— Your task —
Return the lines of the listing below exactly as they appear, beginning at the one with "Workshop storage unit" and stopping after the one with "Перчатки вратарские Nike Premier GS0387-892"; do not include pictures.

— Source data —
------

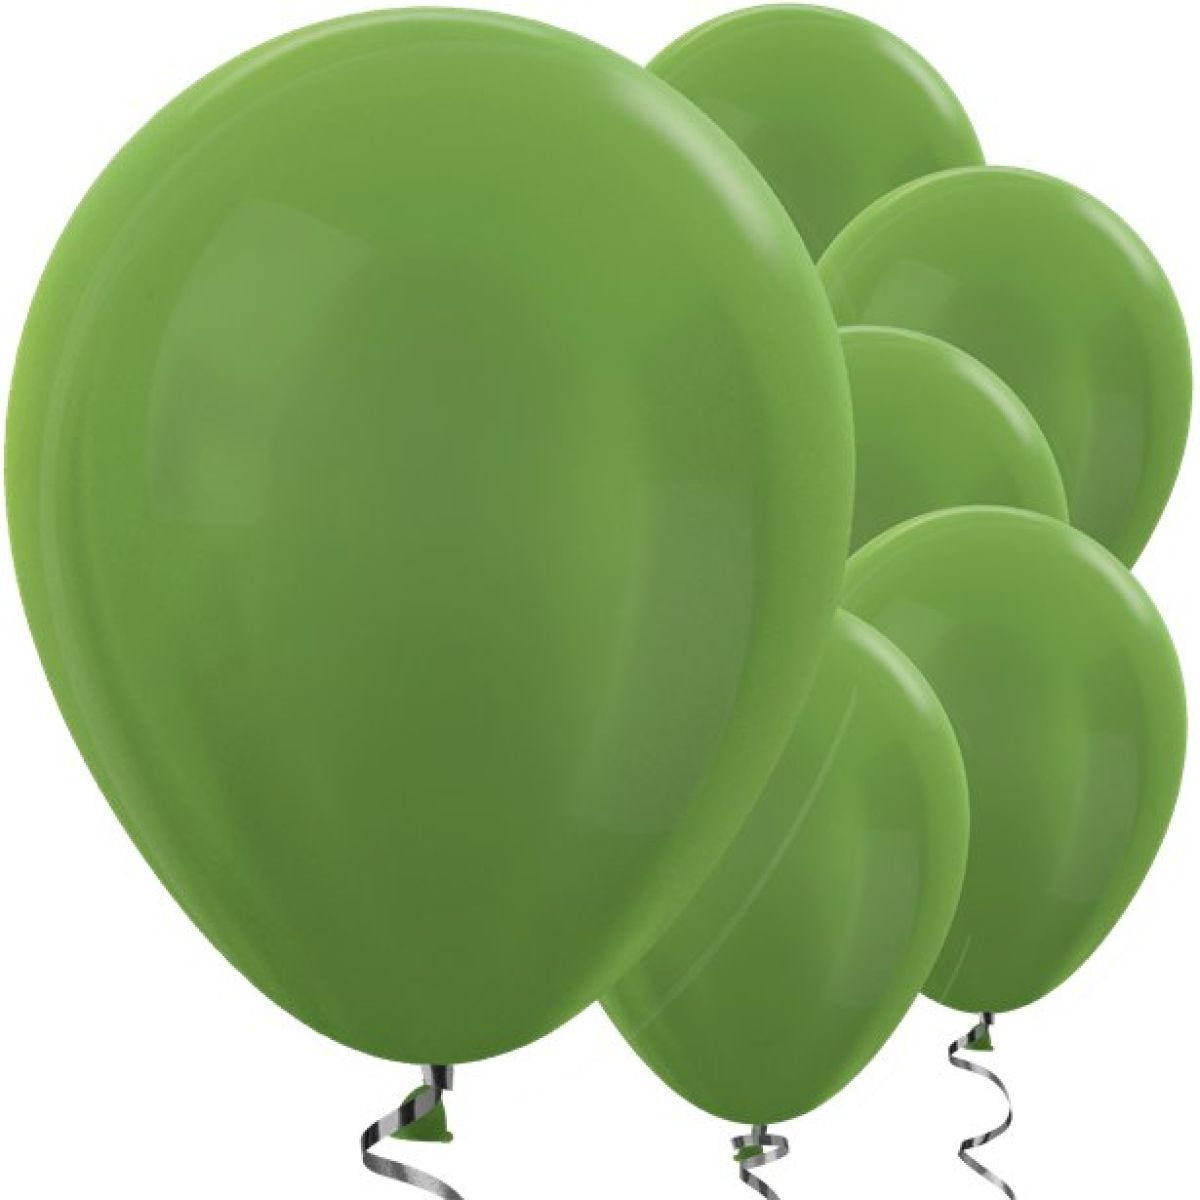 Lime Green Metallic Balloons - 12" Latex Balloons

------

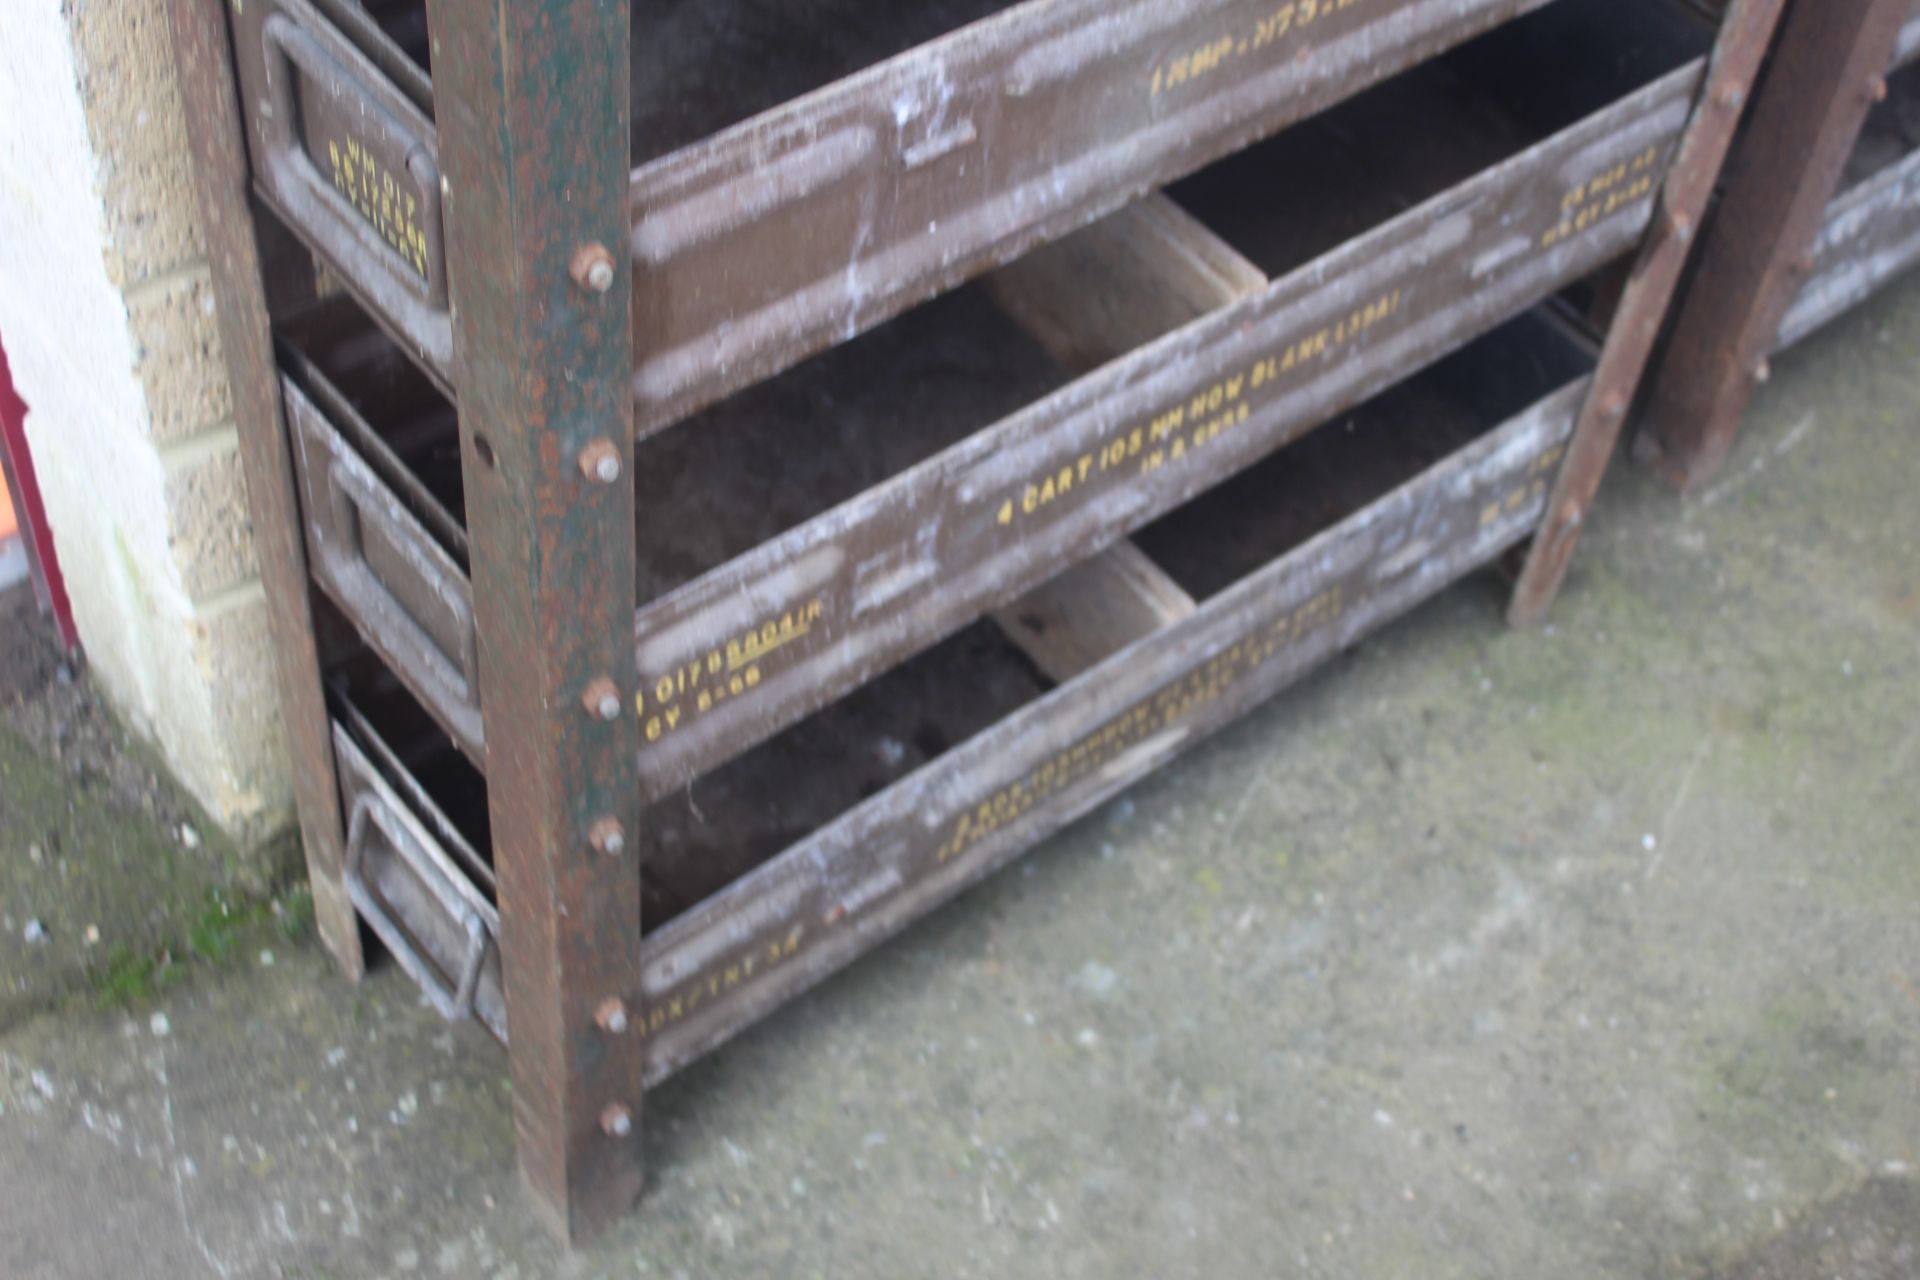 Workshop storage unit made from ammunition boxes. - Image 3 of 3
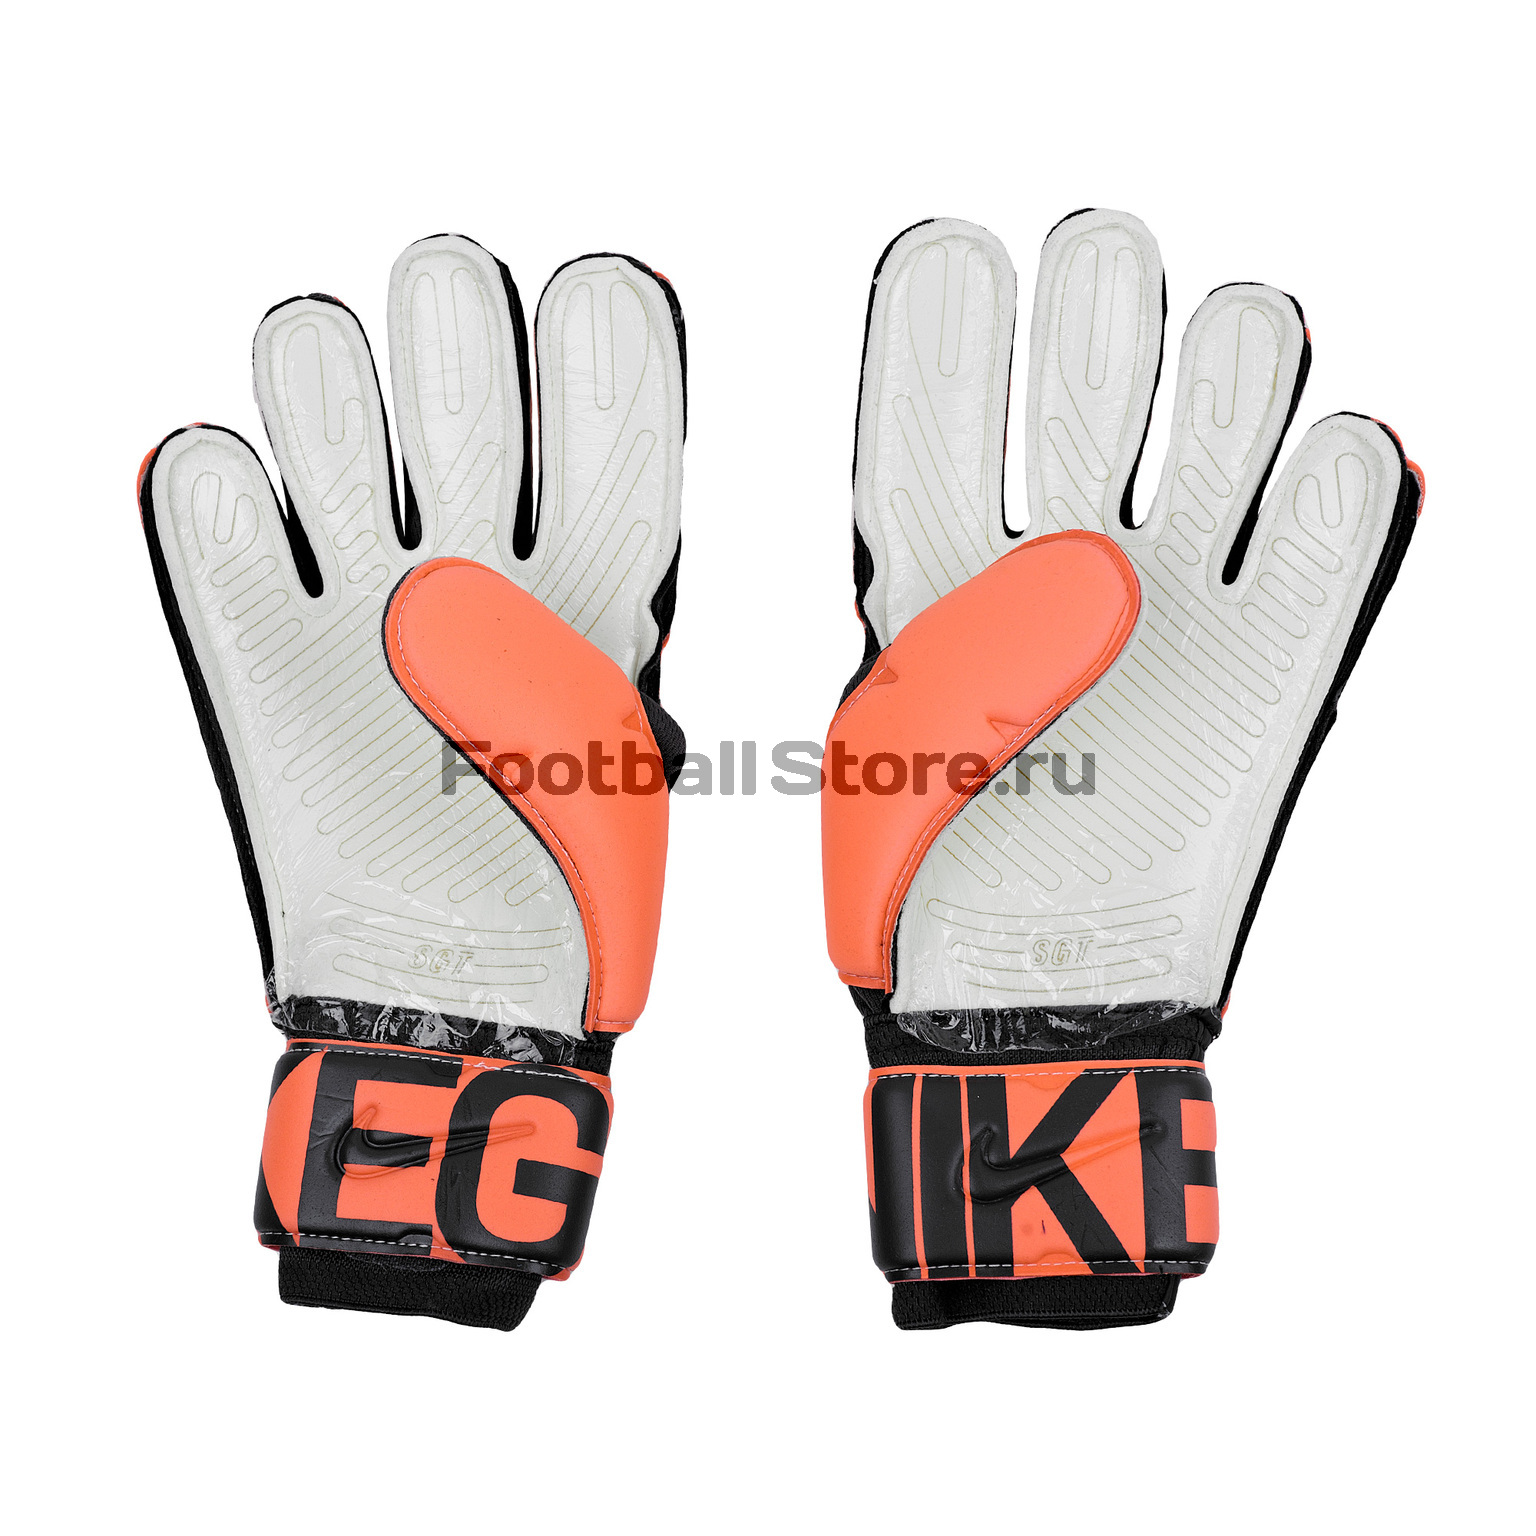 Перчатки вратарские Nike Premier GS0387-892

------

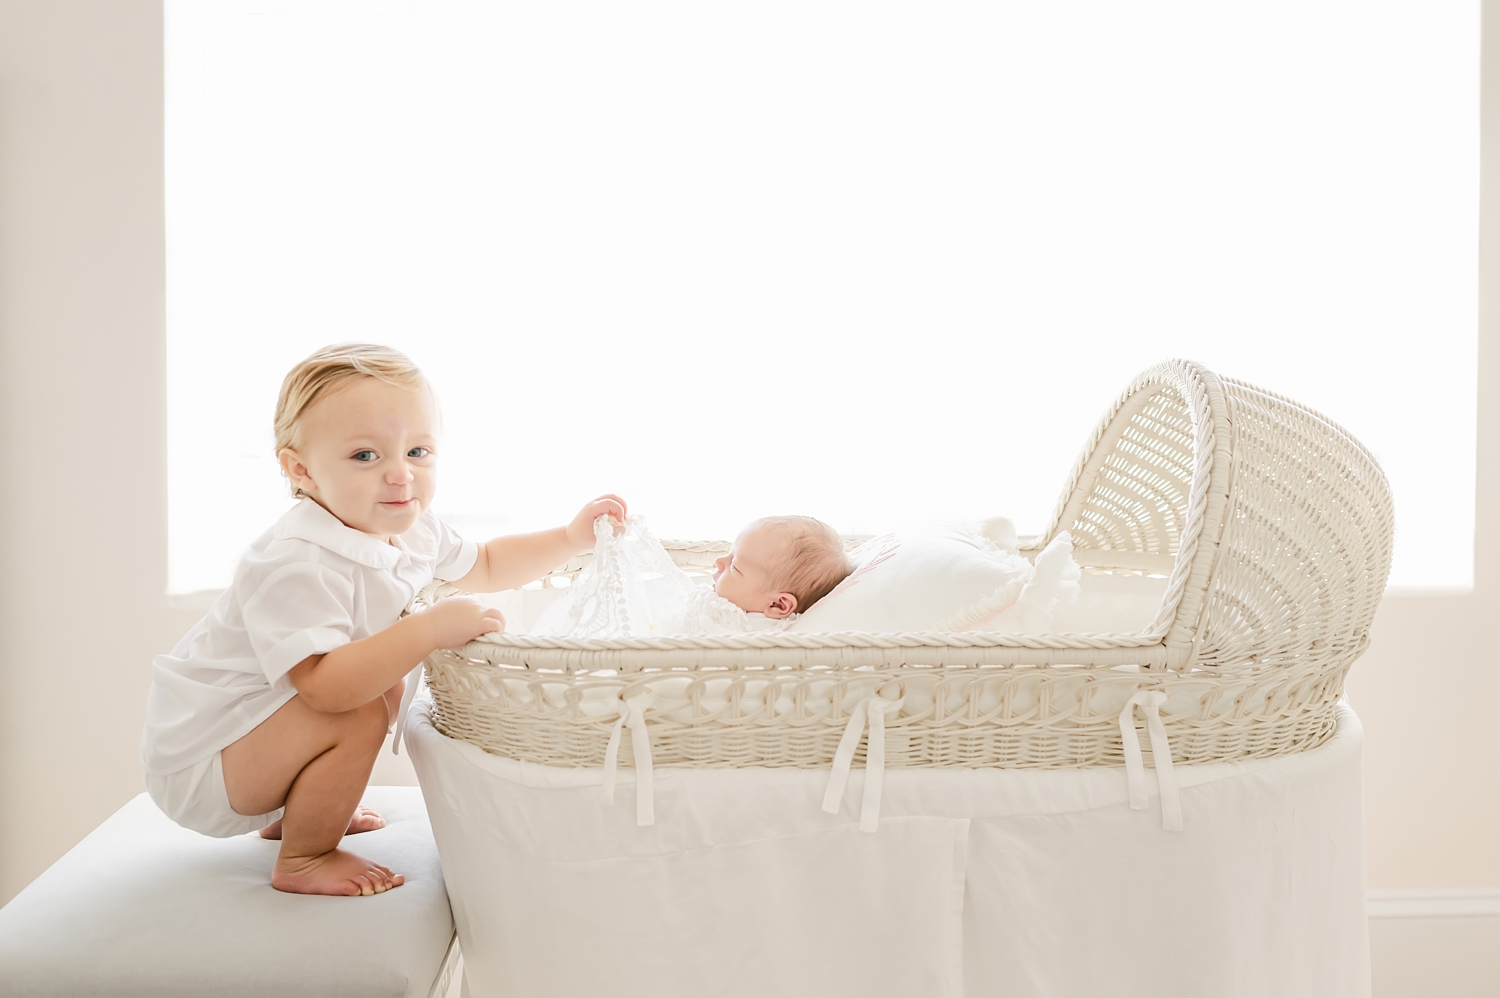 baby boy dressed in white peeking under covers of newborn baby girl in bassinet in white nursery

------

— Solution to this problem —
 Workshop storage unit made from ammunition boxes. - Image 3 of 3
 Перчатки вратарские Nike Premier GS0387-892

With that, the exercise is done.